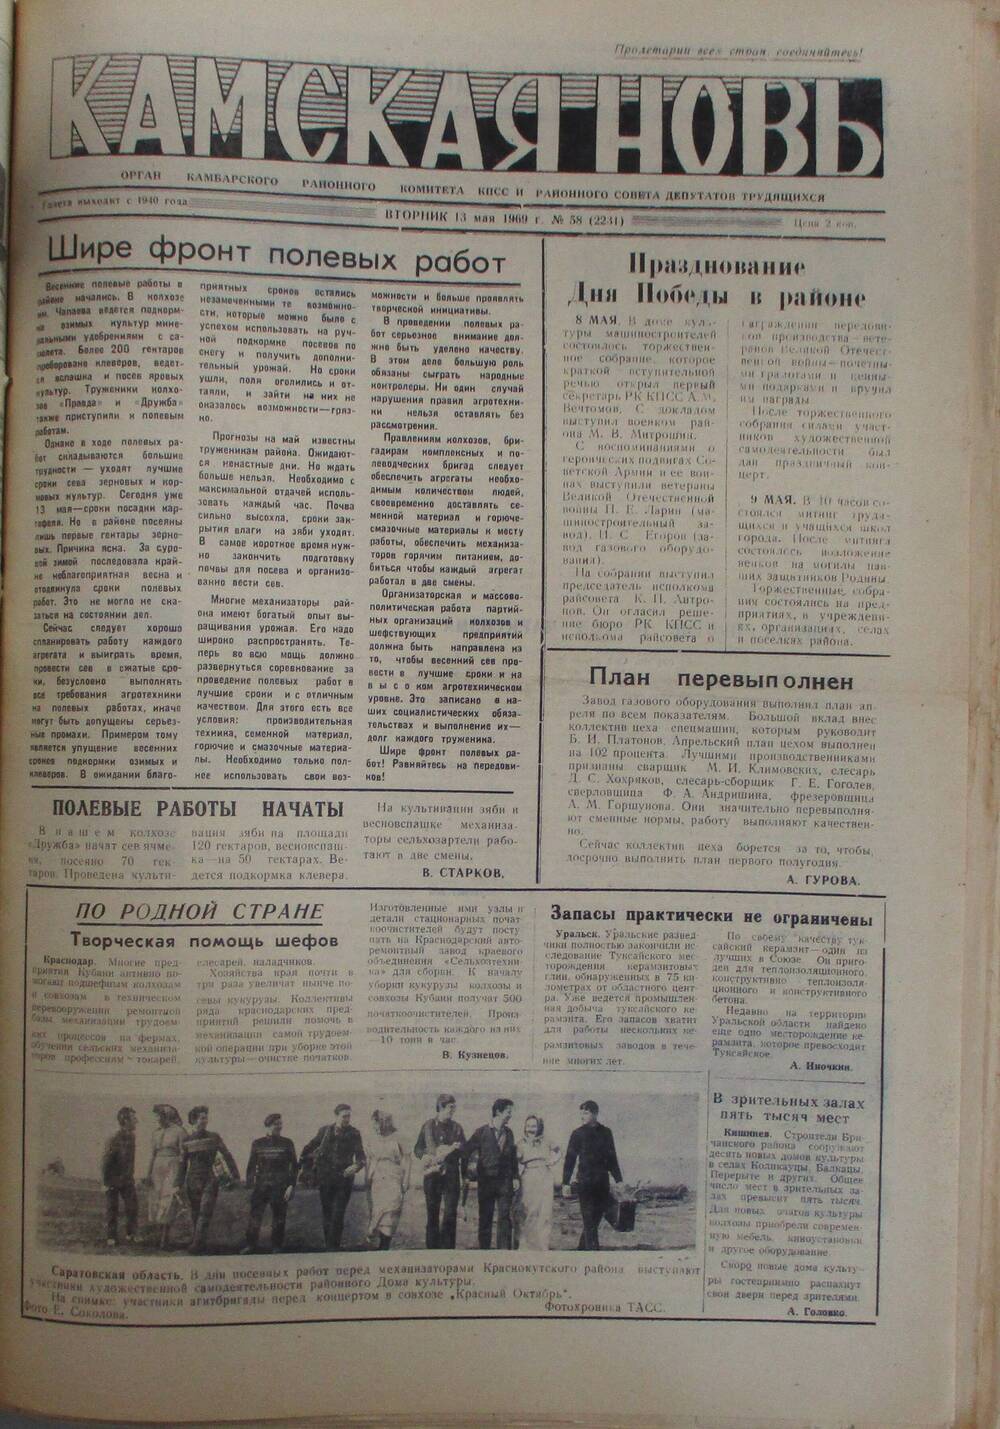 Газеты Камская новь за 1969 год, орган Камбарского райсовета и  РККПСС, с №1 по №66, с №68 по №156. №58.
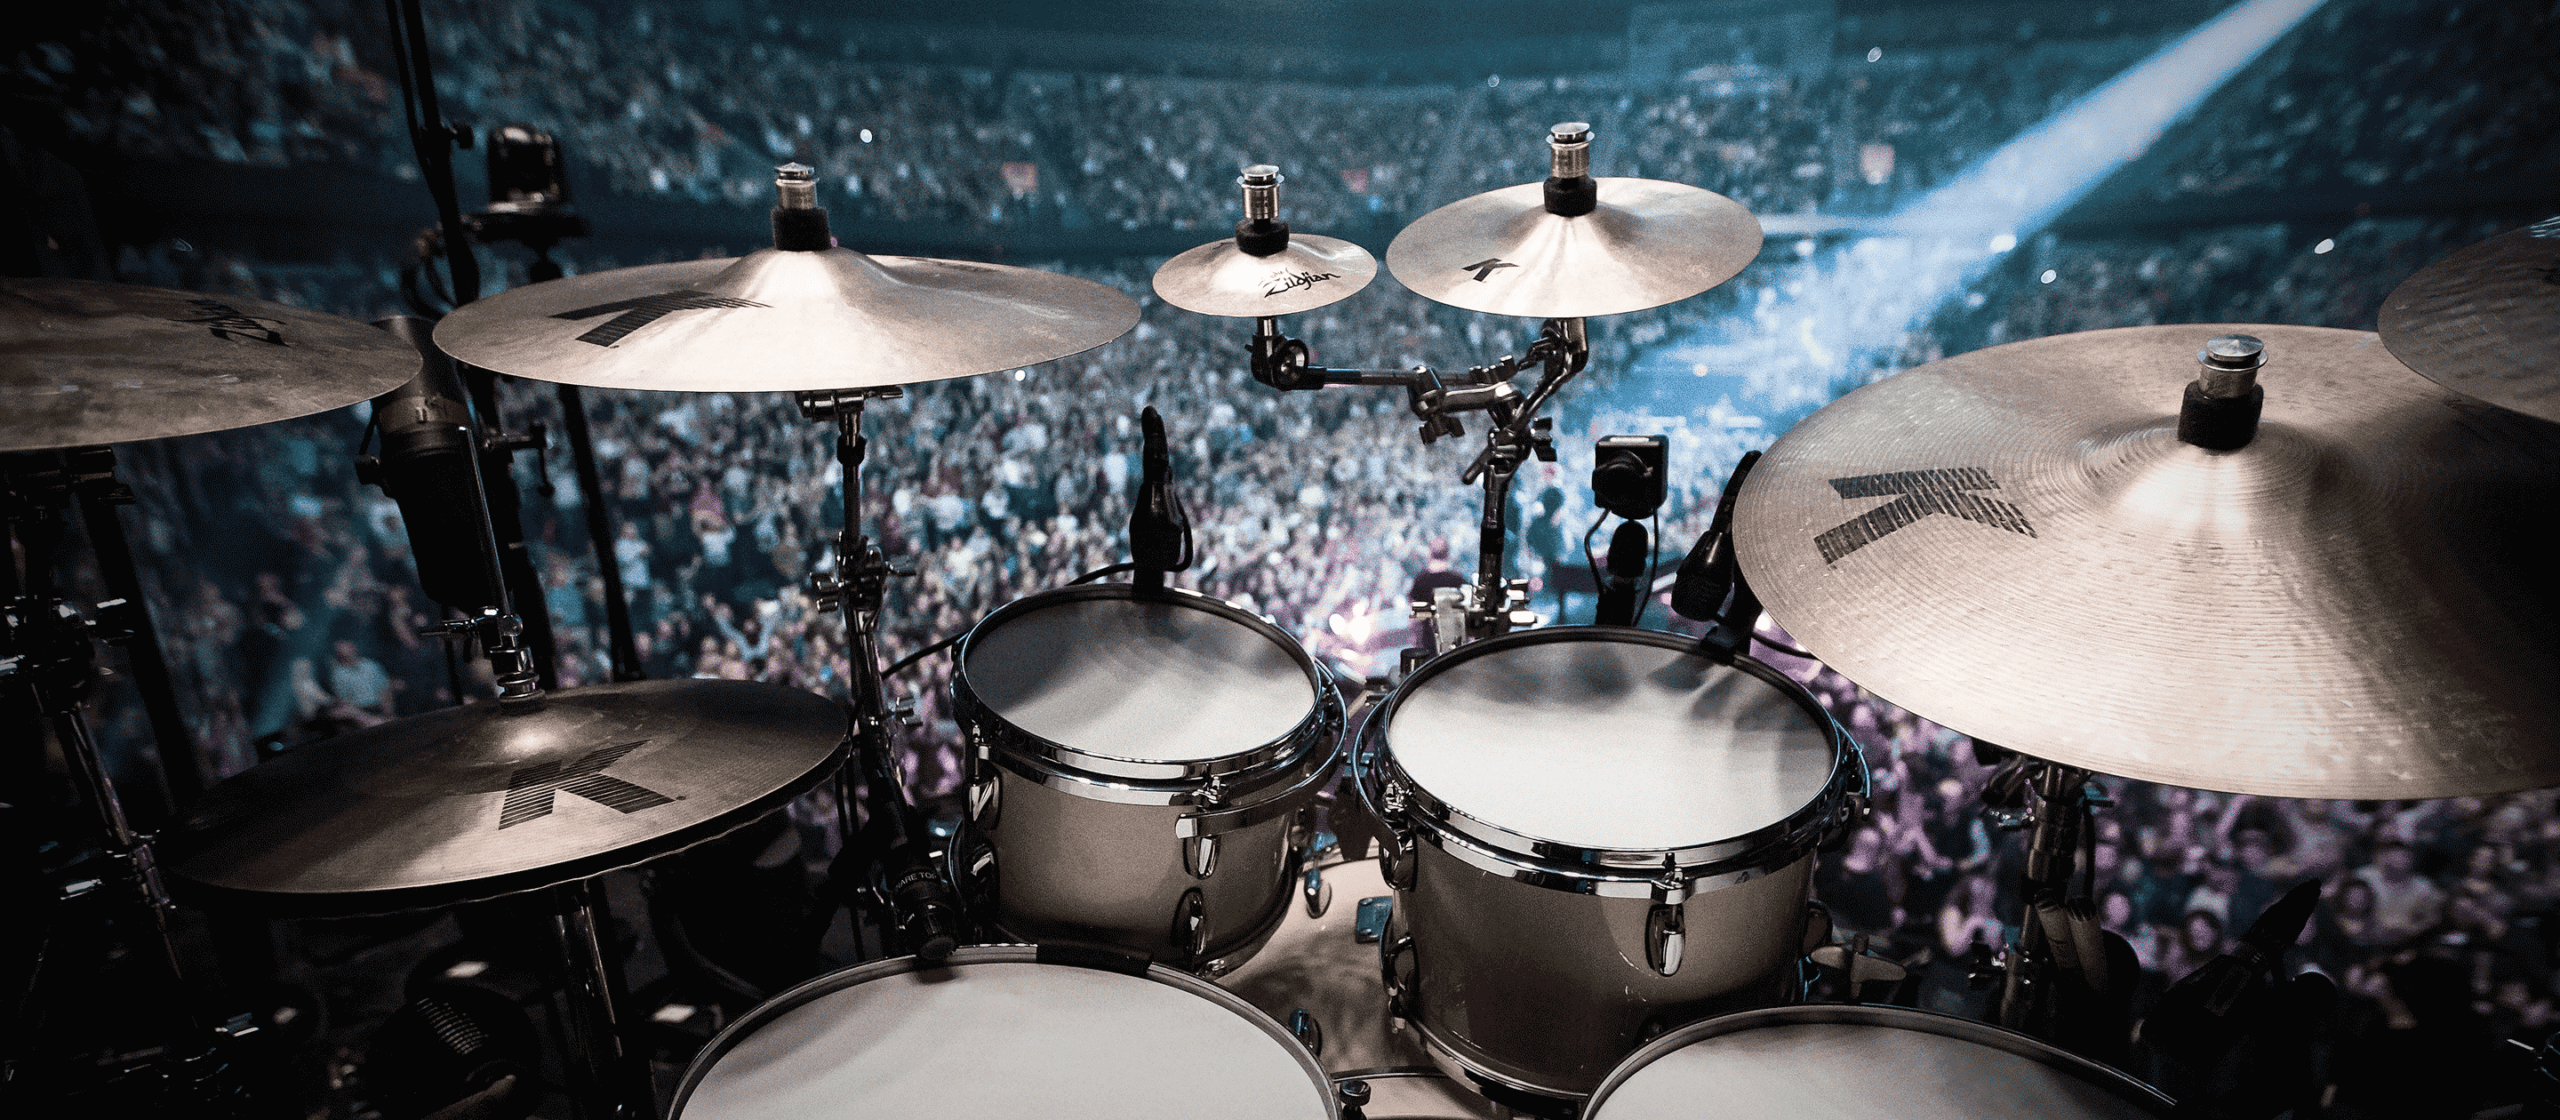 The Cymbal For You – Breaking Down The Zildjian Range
-------
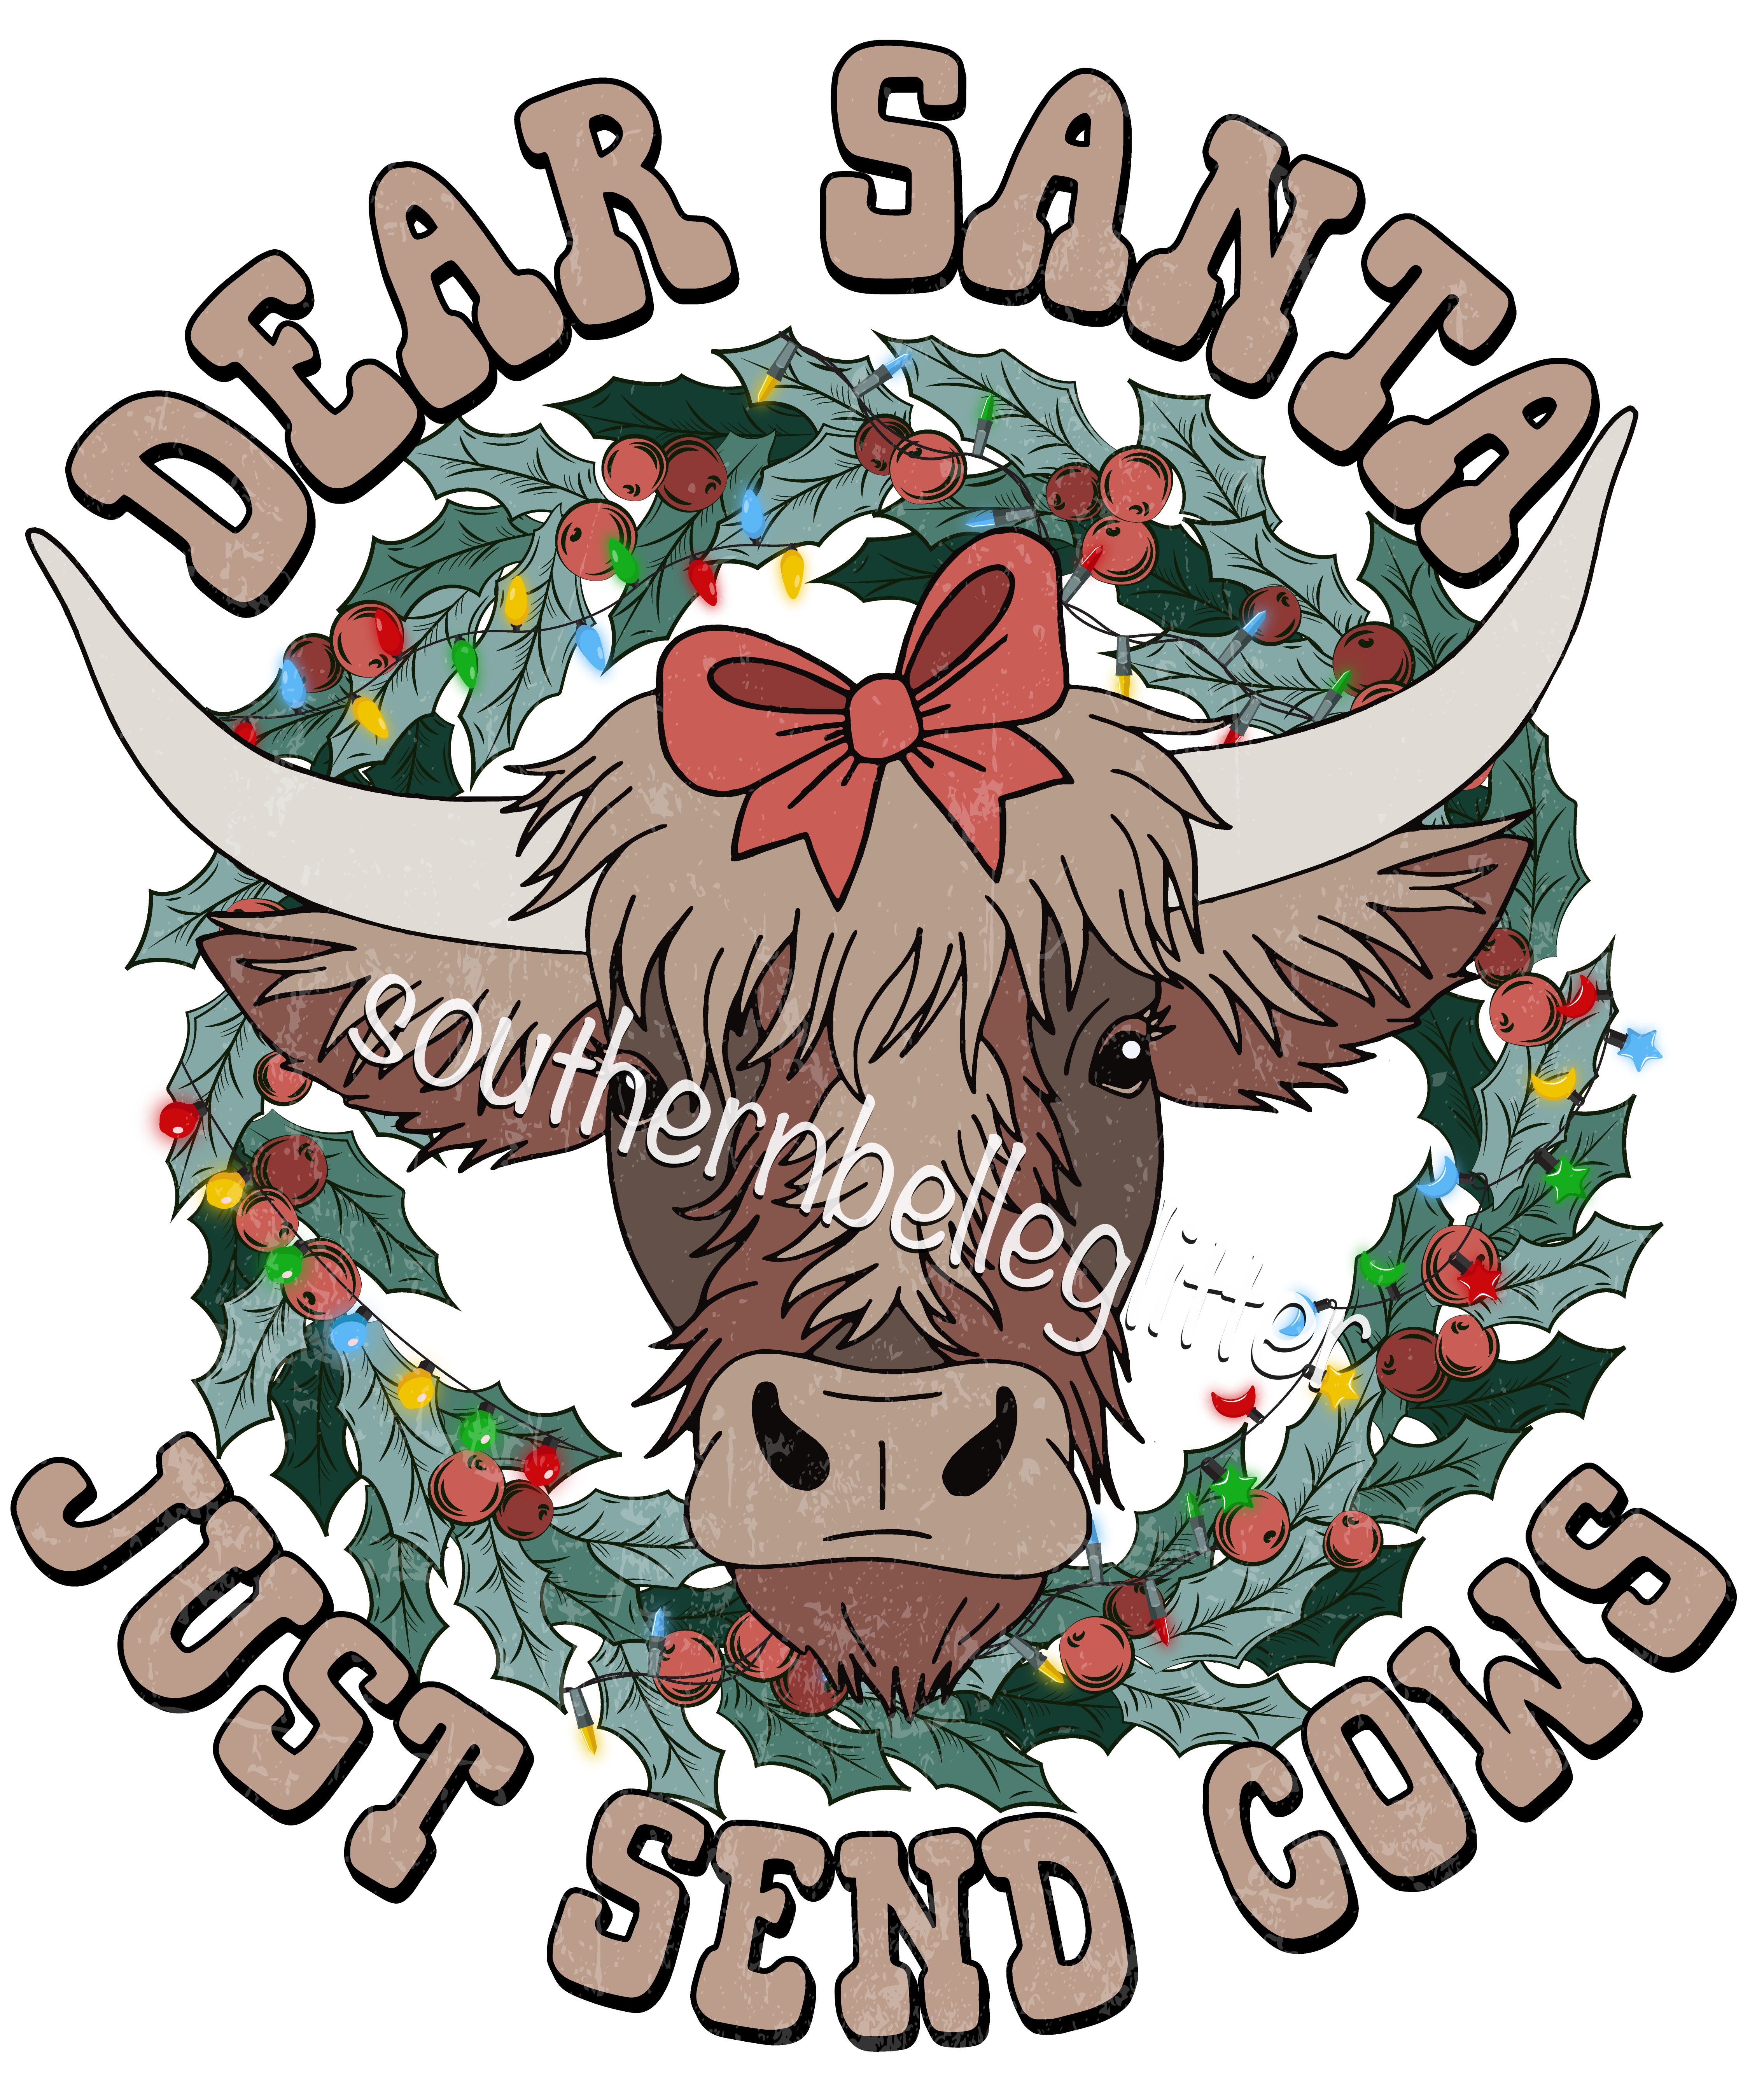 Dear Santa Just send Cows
-------
== EXERCISE PROMPT ==
From the data above, return only the lines starting at the line that holds "Газеты Камская новь" and ending at the line that holds "The Cymbal For", word for word and without pictures.

== EXERCISE SOLUTION ==
 Газеты Камская новь за 1969 год, орган Камбарского райсовета и  РККПСС, с №1 по №66, с №68 по №156. №58.
 The Cymbal For You – Breaking Down The Zildjian Range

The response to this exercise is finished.